As the story goes, Narcissus, the son of a river God, was a handsome young fellow who caught sight of his own reflection in a pool of water and fell in love with it, not realising it was merely an image. There are several versions of what happened next, none of which end well for Narcissus: Ovid has him committing suicide when he realises his love can never be addressed, while other tellers say he drowns in the rock pool, or simply wastes away. The basic point is the same…
During the early part of the 20th century, psychoanalysts like Otto Rank and Sigmund Freud became interested in the concept. In Freud’s paper ‘On Narcissm’ of 1914 he suggests that what he calls ‘primary narcissism’ is actually a normal part of human nature: the energy that that comprises each person’s survival instincts.
Since this blog is about advaita vedanta, our starting point for an investigation into Narcissus must be that the individual we take ourselves to be does not exist. There is only one thing in this Universe which is Consciousness itself and it is the veiling of this knowledge that is the root cause of all psychological suffering. But what is the nature of this veiling? How is it that pure Consciousness – all that is – takes part in this play as a pure egoless newborn baby, a toddler with a rapidly developing sense of self, an adult with an abiding sense of independent existence and finally, in the case of an awakened mind, a return to knowing itself as Pure Being. Although, on the Absolute level, Consciousness never once does anything but remain itself, there is an apparent forgetting of its own nature and, in some cases, a remembering again. It is this apparent forgetting that seems relevant here. Because the way Consciousness appears to forget itself is with the apparent falling in love with a self Image: one of it’s infinite faces mirrored back at it in the reflective pool of a human form. This gives the Narcissus myth a whole new spin which is that the story tells not of a human falling in love with himself, but Consciousness falling in love with its own creation.
Although neither traditional advaita teachings nor Buddhism make any concession to the existence of a self of any kind, the work of psychiatry and the various therapies of the mind generally take the existence of that self as starting point.

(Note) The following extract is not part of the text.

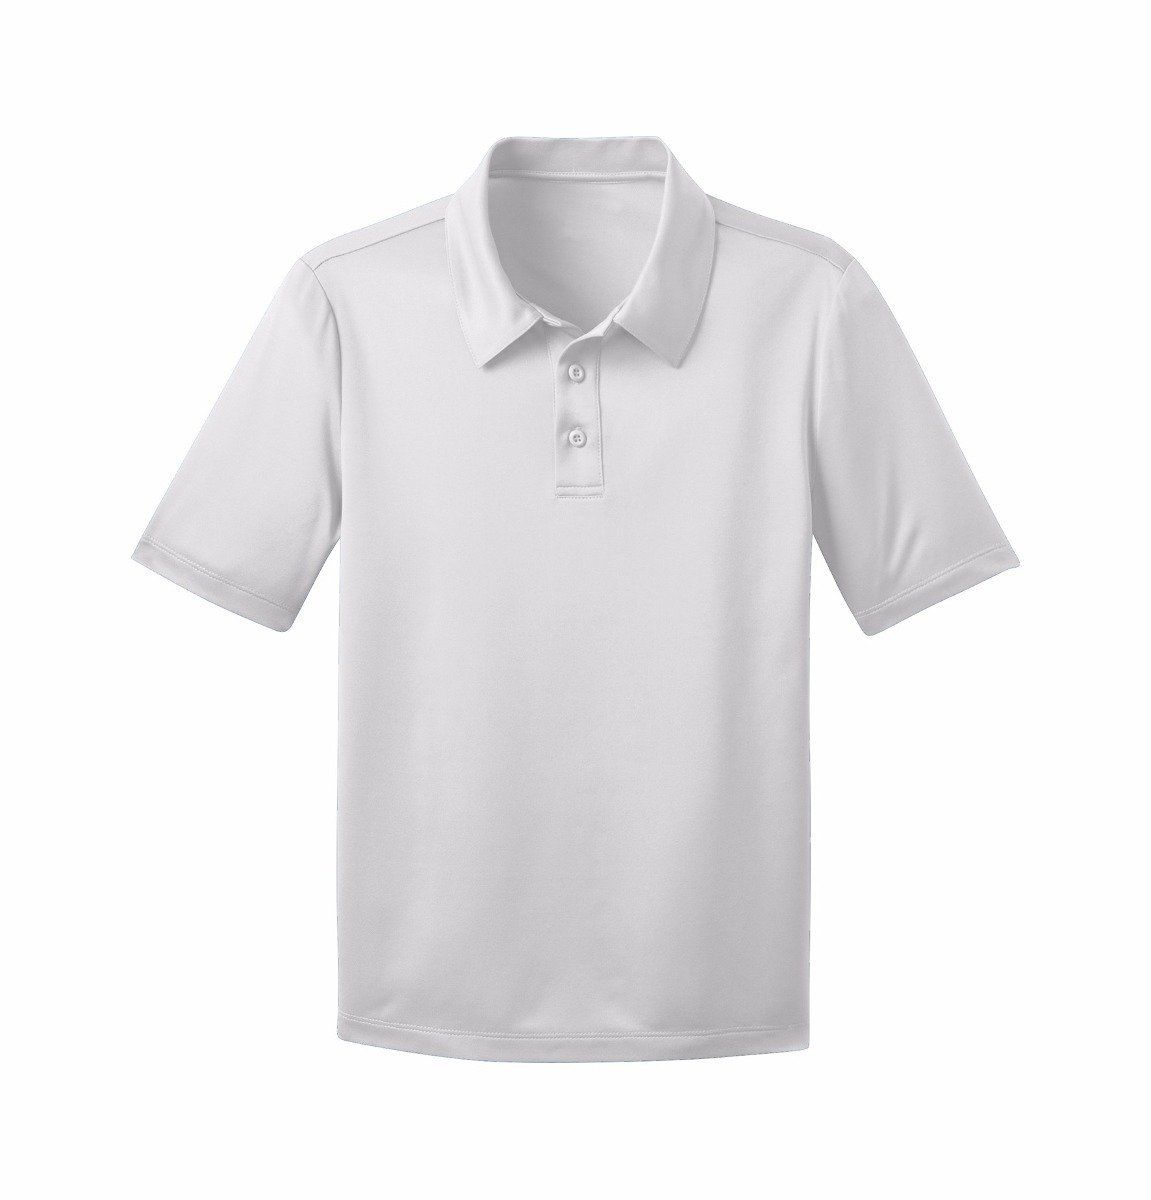 Camiseta Gola Polo Personalizada

Freud’s theory – widely accepted today – is that people are born without a basic sense of self, but through the experiences that occur during infancy and early childhood gain what is known as ego, or a sense of self. Jaques Lacan, a post-Freudian psychoanalyst, took this theory a little further. In 1936 he described how at some time between six and eighteen months, the baby sees its image, generally in a mirror, and realises that what it is seeing is somehow itself. “This recognition causes great confusion as the pre-linguistic infant struggles with its first identity conflict. Crucially, with the boundary-formation of identity comes separation, and the image is perceived as distinct Other. Separation also creates a sense of loss and a lifelong desire to regain the jouissance of the connected wholeness.”(1)
Reading this, I felt a deep resonance with these theories of mind for although Freud, Lacan and all the rest of them go off at wild tangents quite soon after these preliminaries, the sense of a basic separation as the starting point for all human striving comes through very clearly in their work. Lacan is saying “The mirror separates us from our selves. In order to recognize myself, I have to be separate from my self.”(1) He is also saying that once we feel separated from ourselves, we suffer as a result. And that we constantly yearn to return to our original innocence.
This is rich material from the perspective of Advaita or non duality. One might say that when the baby decides that what it sees in the mirror is itself is the moment at which duality arises. And duality – the sense that there is a ‘me’ and a ‘world’ as two distinct things – is synonymous with suffering or in Sanskrit avidya, meaning ignorance or delusion. As soon as one is seperate, one is mortal, with a beginning and an end, and therefore with everything to lose.
The other day I had an interesting conversation with the parent of two young children, who said to me how strange she found it that every time her daughter got upset she had to go and look at herself in the mirror. Another friend agreed with her: she said it had become such a problem in her house that they’d had to tape brown paper over the oven because the child would stand in front of it for ages gazing at itself, especially during moments of distress.
All this fascinates me. Could it be that for young children, whose ego shells are newly formed, the onset of suffering provokes a memory, or some intuitive sense that ‘maybe this body isn’t me after all?’ Staring into the oven door, are they struggling to reconcile the image of what they see with the idea of the ‘me’ which contains their unhappiness?
In my own life, I had a severe car accident some 15 years ago which resulted in severe facial injuries. Bizarrely, the hospital I was put in also followed this practice of covering the mirror with brown paper so that, once I could walk to the bathroom myself, I would not be confronted with the horror of my own image. I can still remember the moment they deemed it safe for me to look again. Staring into the mirror at this absurdly swollen and broken face, there was sense that the face in the mirror was a total stranger. Yet it simultaneously seemed very clear that, despite the accident, ‘I’ was absolutely intact. Years later, after a long journey of discovery through Advaita, I realise that this was perfectly true.